No he did not, thats why I made the statment this past sunday that I was going to tech the cars this coming week. I am sure he will be cool with what ever. he will just go back to rolling over :lol::roll:


----------



## mini_racer (Oct 28, 2008)

Freddie's Hobbies said:


> This is your own message to yourself. Try reading it and do what you told yourself to do.
> Once again a total idiot:freak:


Oh, I remember -- I remember you being a jerk the first time (when I tried to be of help), I remember you being total jerk the second time trying to insult me (while I held my tongue), and it wasn't until you took the time like an moron to mention me again that I commented this time.

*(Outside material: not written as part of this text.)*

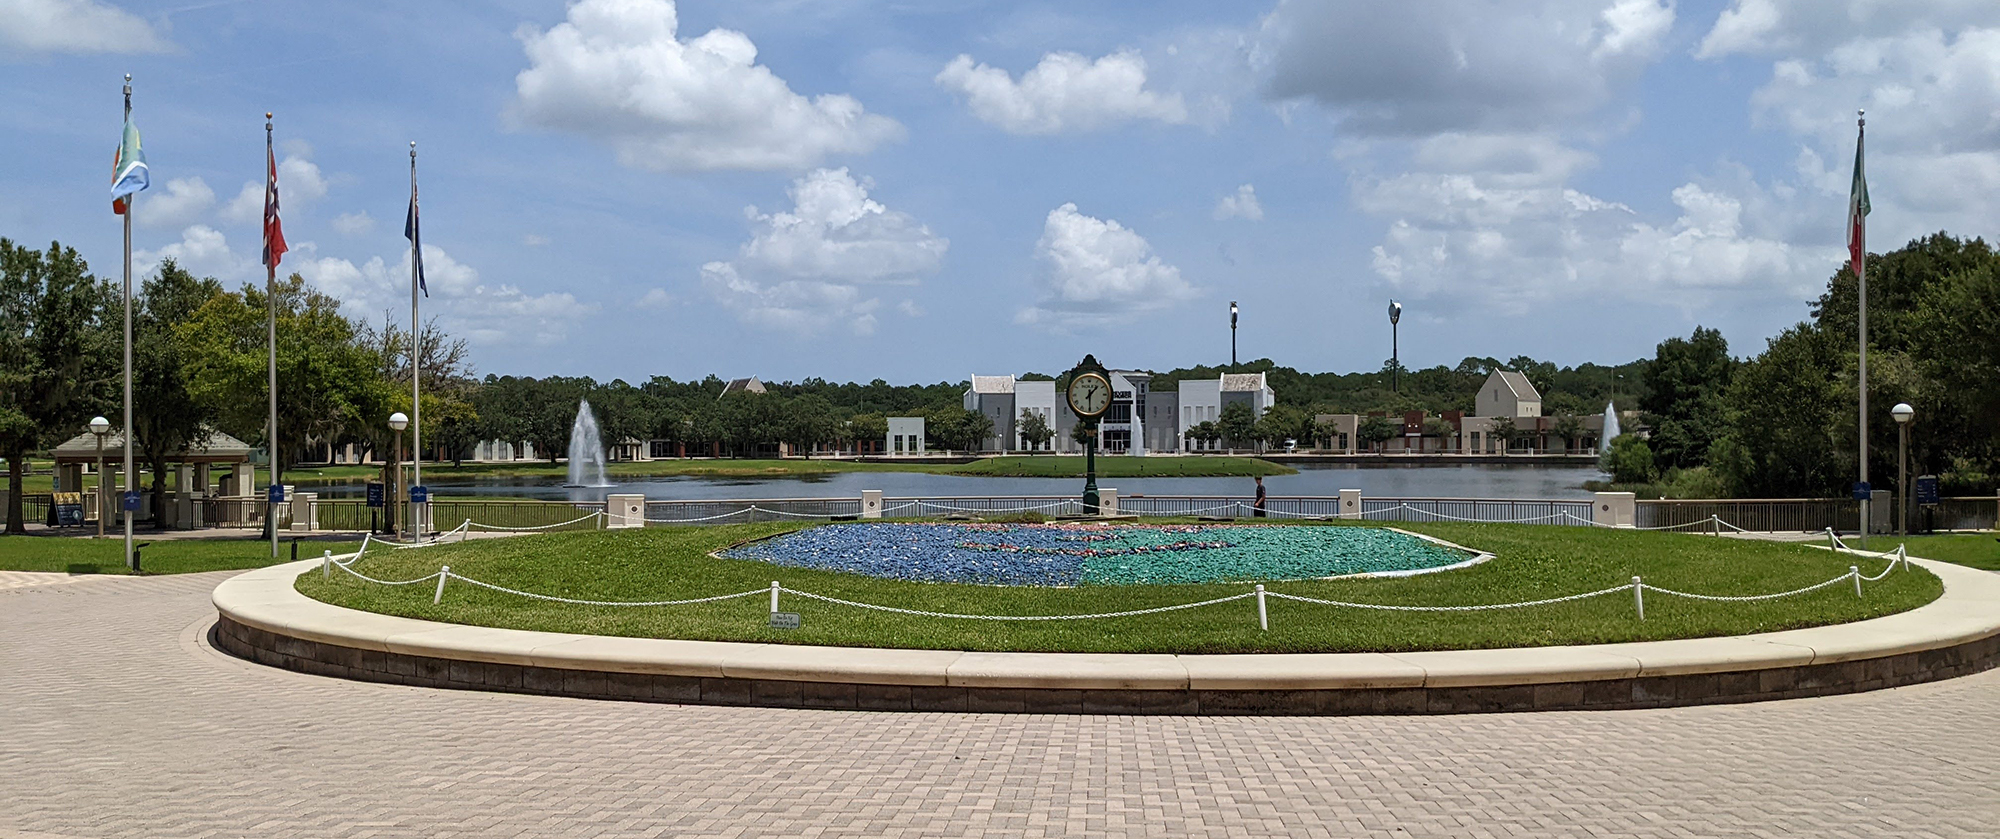 The entrance of World Golf Hall of Fame looking east. In the distance are the buildings that house Murray Bros. Caddyshack restaurant and Reverb Church.
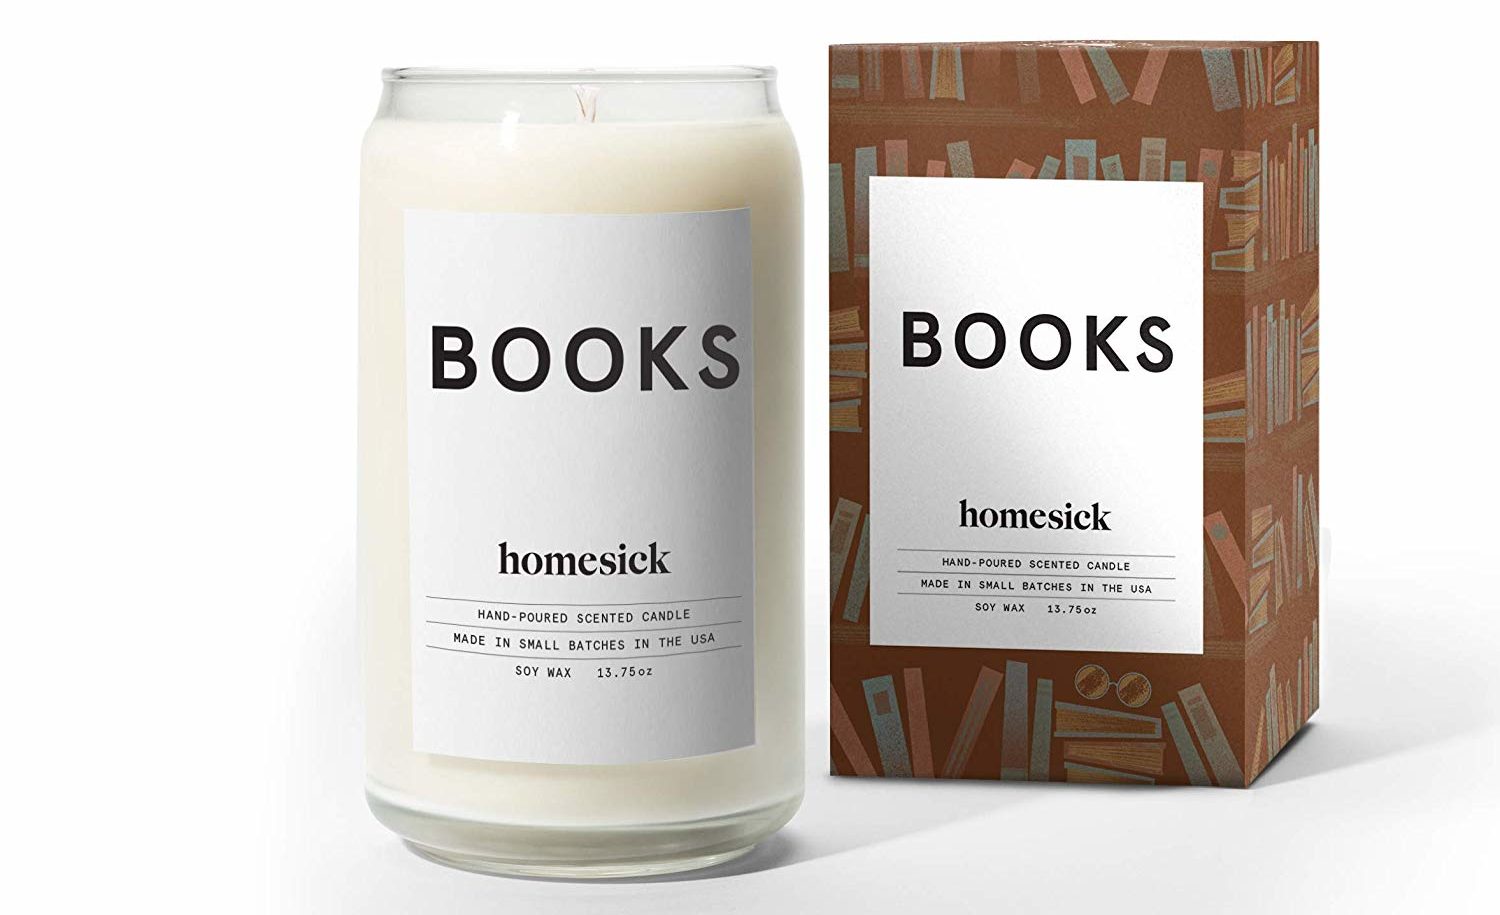 Best Teacher Gifts 2022: The Books Candle 2022

All the PMs about you were right, but the classic was "at best he's a tad bit PMS-ish". 


_Grow up, it's better for biz_ :wave:


----------



## Freddie's Hobbies (Jun 26, 2005)

Your a joke trying to help. You want to help LEAVE how can in idiot who dosnt race, help anyone?? I am sure you think your all that and a bag of chips, Here is a news flash Your nothing and a pain in the behind to us. so leave like a good idiot will ya :wave: bye bye


----------



## mini_racer (Oct 28, 2008)

Freddie's Hobbies said:


> Your a joke trying to help. You want to help LEAVE how can in idiot who dosnt race, help anyone?? I am sure you think your all that and a bag of chips, Here is a news flash Your nothing and a pain in the behind to us. so leave like a good idiot will ya :wave: bye bye


You're a joke for not listening and being obstinant. 
Like YOU know squat about me.
Just because you think you're some bigshot, and have your po-diddly little track, doesn't make people's view of your jerk-ish personality change any.

And before you go bashing my racing abilities any further, next time you win anything of consequence make sure and let the world know.


----------



## Freddie's Hobbies (Jun 26, 2005)

Lessin Retard you invited the short bus over to your mother garage and held a race and called it what ever you did, Thats about all you ever won. You more than welcome to show us " novices " just how good you are, Go to a " real " race and go do something. 

I own a business. I race every now and then just for something to do. I do not do it as a hobby and I am quite sure I can lap your slow butt. Stay off my thread I have asked you more than once. You even said yourself you were staying off, Hence what does that make you look like ? AN IDIOT ! 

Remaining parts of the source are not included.